Jack McKee: "There's a danger with feeling too strongly about your patients, a danger with becoming too involved." - played by William Hurt in The Doctor (1991)
In the film The Doctor, William Hurt plays a surgeon who doesn't care about his patients, he cares about the medicine. Everything changes when he becomes a cancer patient and has to deal with people just like himself.
Something that some healthcare professionals seem to lose touch with over the years is their sense of empathy.
Having the ability to relate to your patients and touch base with them on their concerns is key to running a successful and reputable medical facility. We can all relate to the experience we’ve had with that one doctor that just made us feel guilty for taking up his or her time, avoided eye contact, and seemed to rush in and out of the room before quickly handing over a bill for you.

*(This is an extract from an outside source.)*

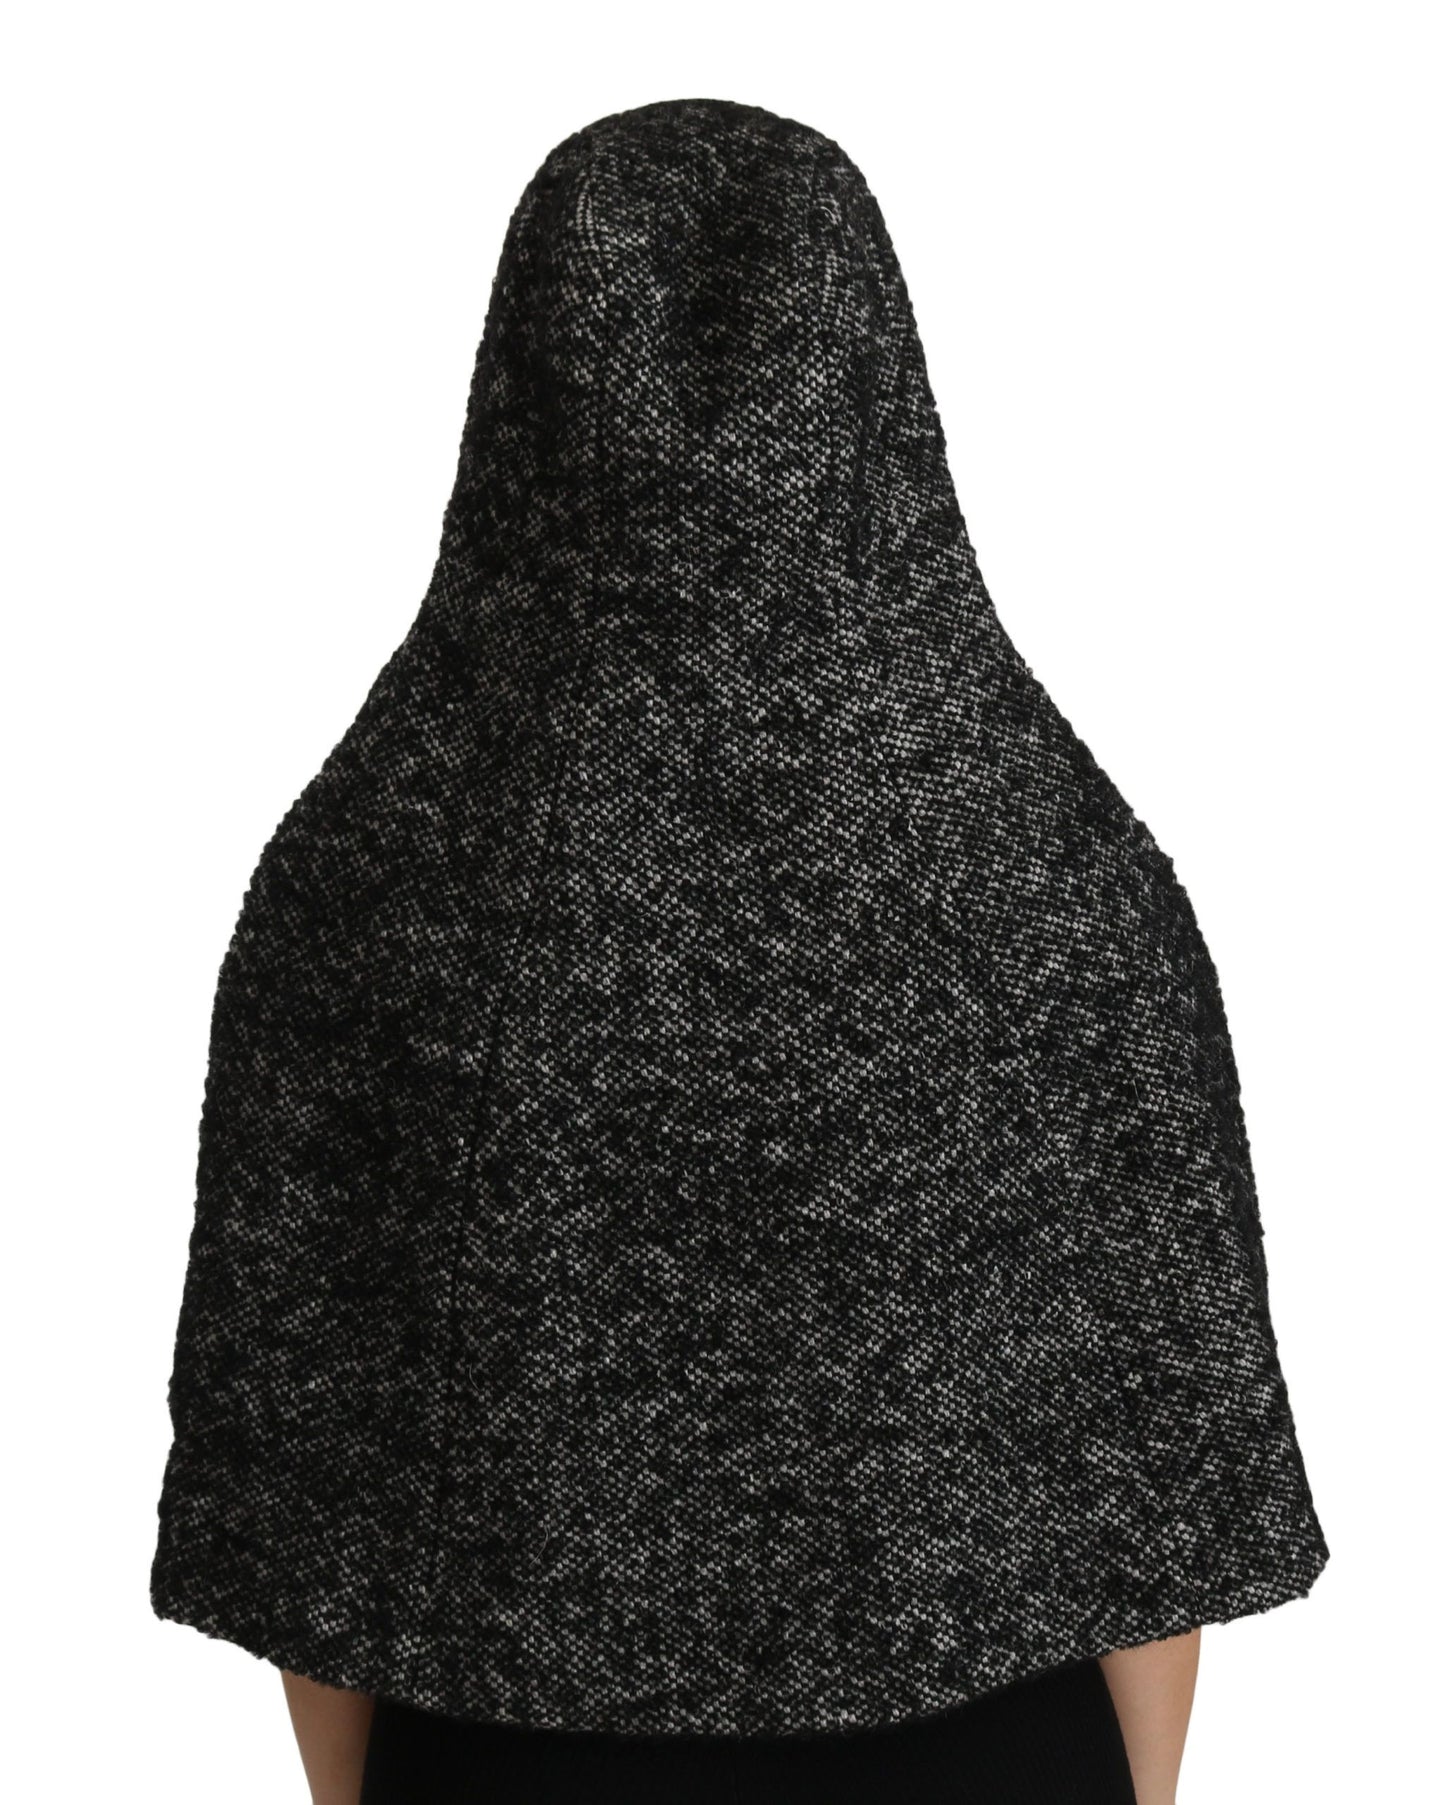 Elegant Gray Wool Hooded Scarf by Iconic Italian Label
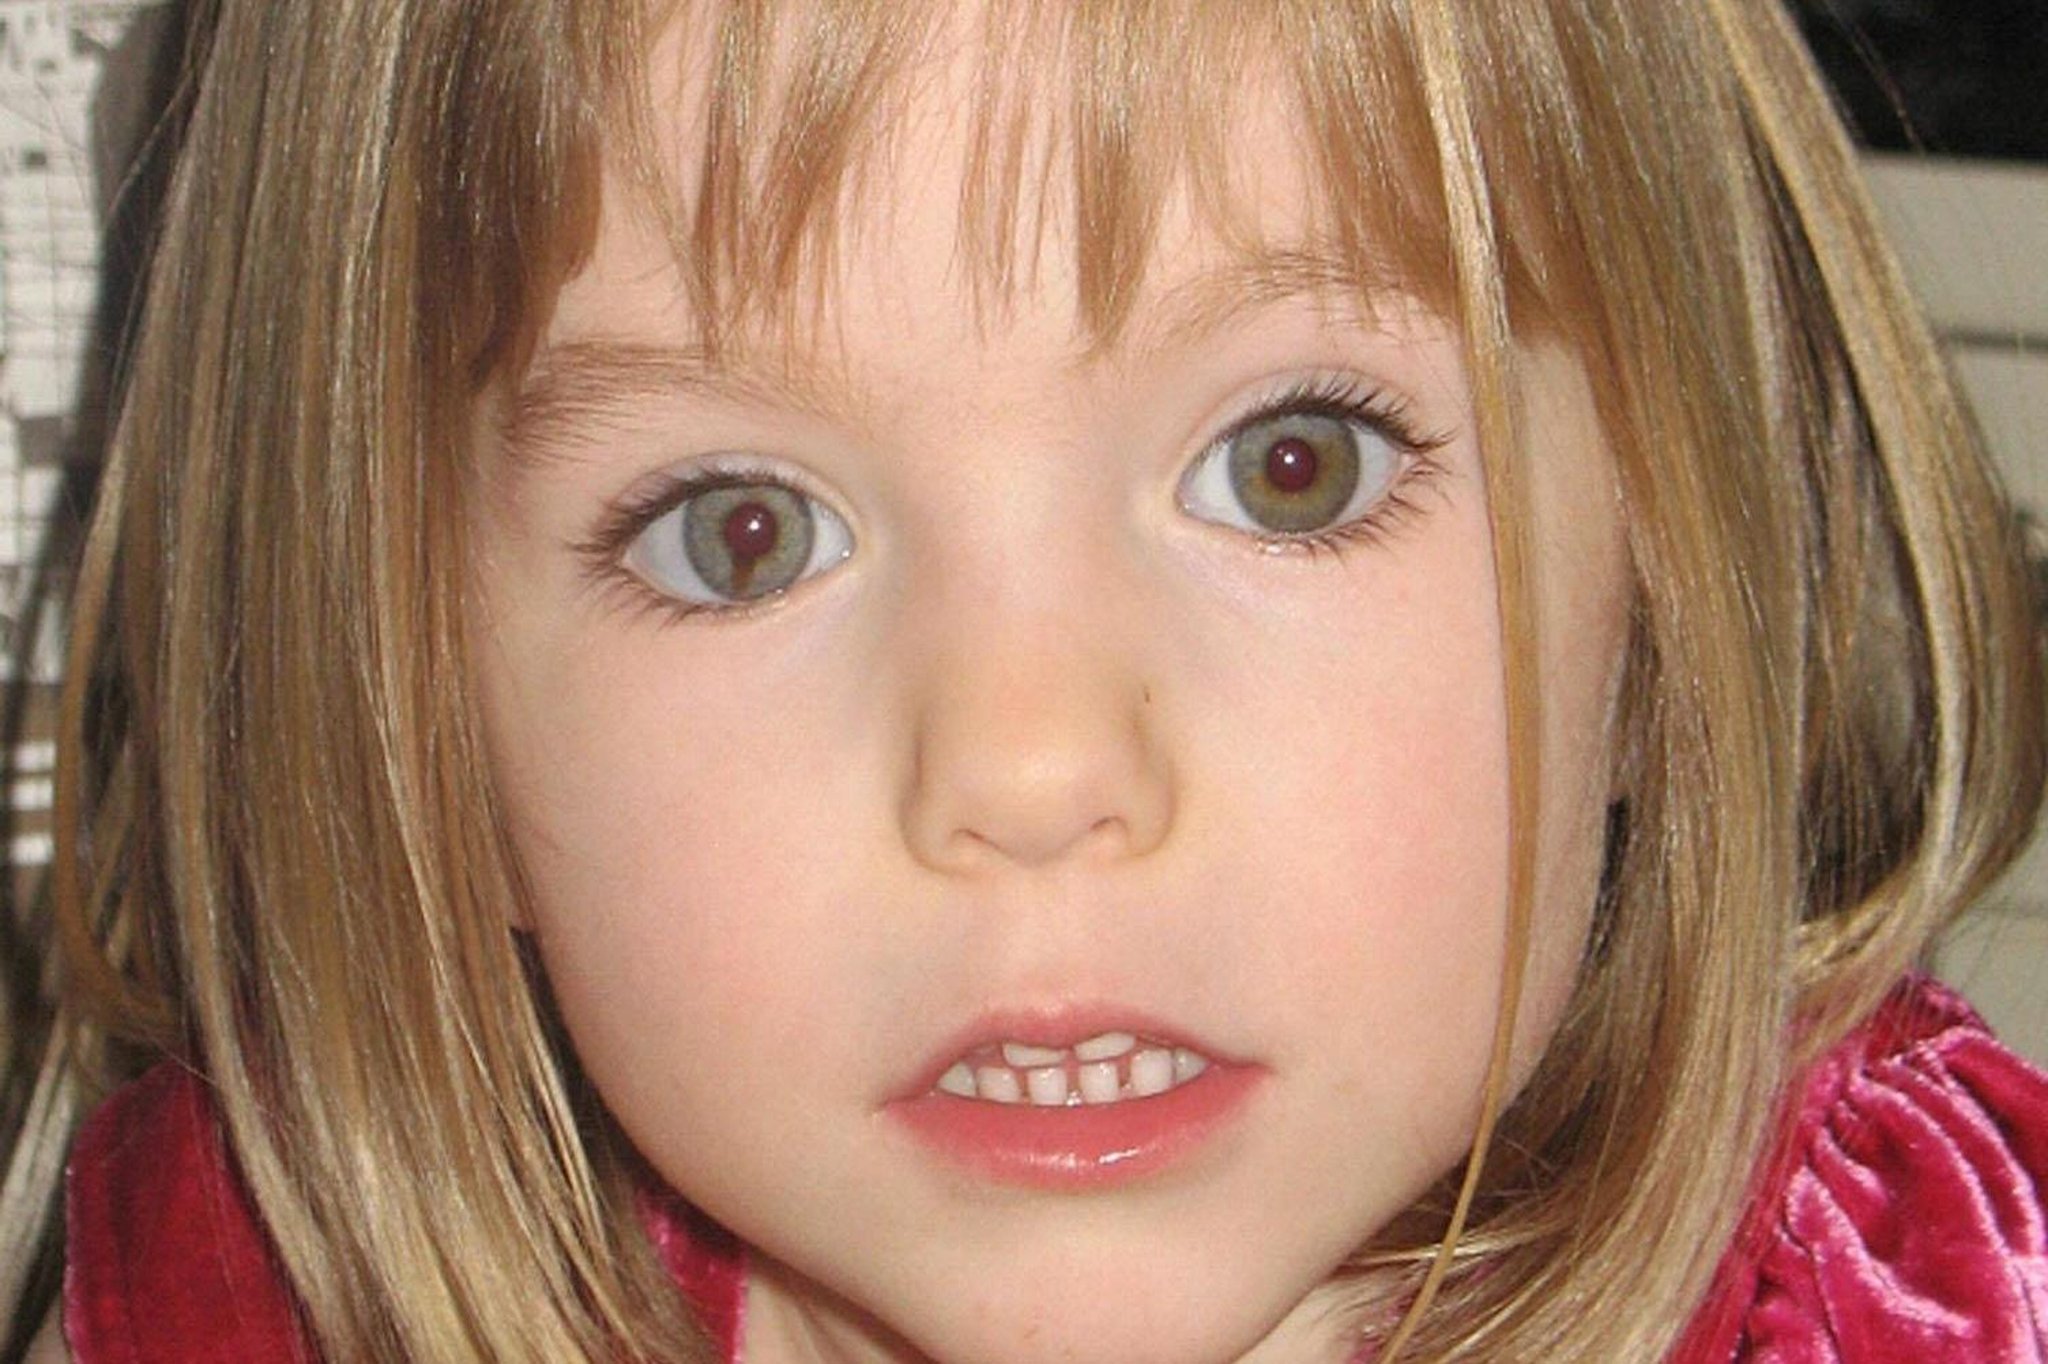 Madeleine McCann suspect 'could face charges within weeks' claim

While it's unfortunate, you can use these negative experiences to build your practice into something great.
- Focus on your personal skills and bedside manner with your patients.
- Think of how you would like to be treated as a patient, and make it happen for yours.
- Remember what you got into the medical field to do: help people.
When you take a moment to slow down and speak to your patients one-on-one with an empathetic mindset, you will be surprised at the connections made and immediate gratitude you will receive.
You might not be as overtly unsympathetic as Jack McKee, but, in the rush to see patients and fill out paperwork, sometimes the humans get left behind.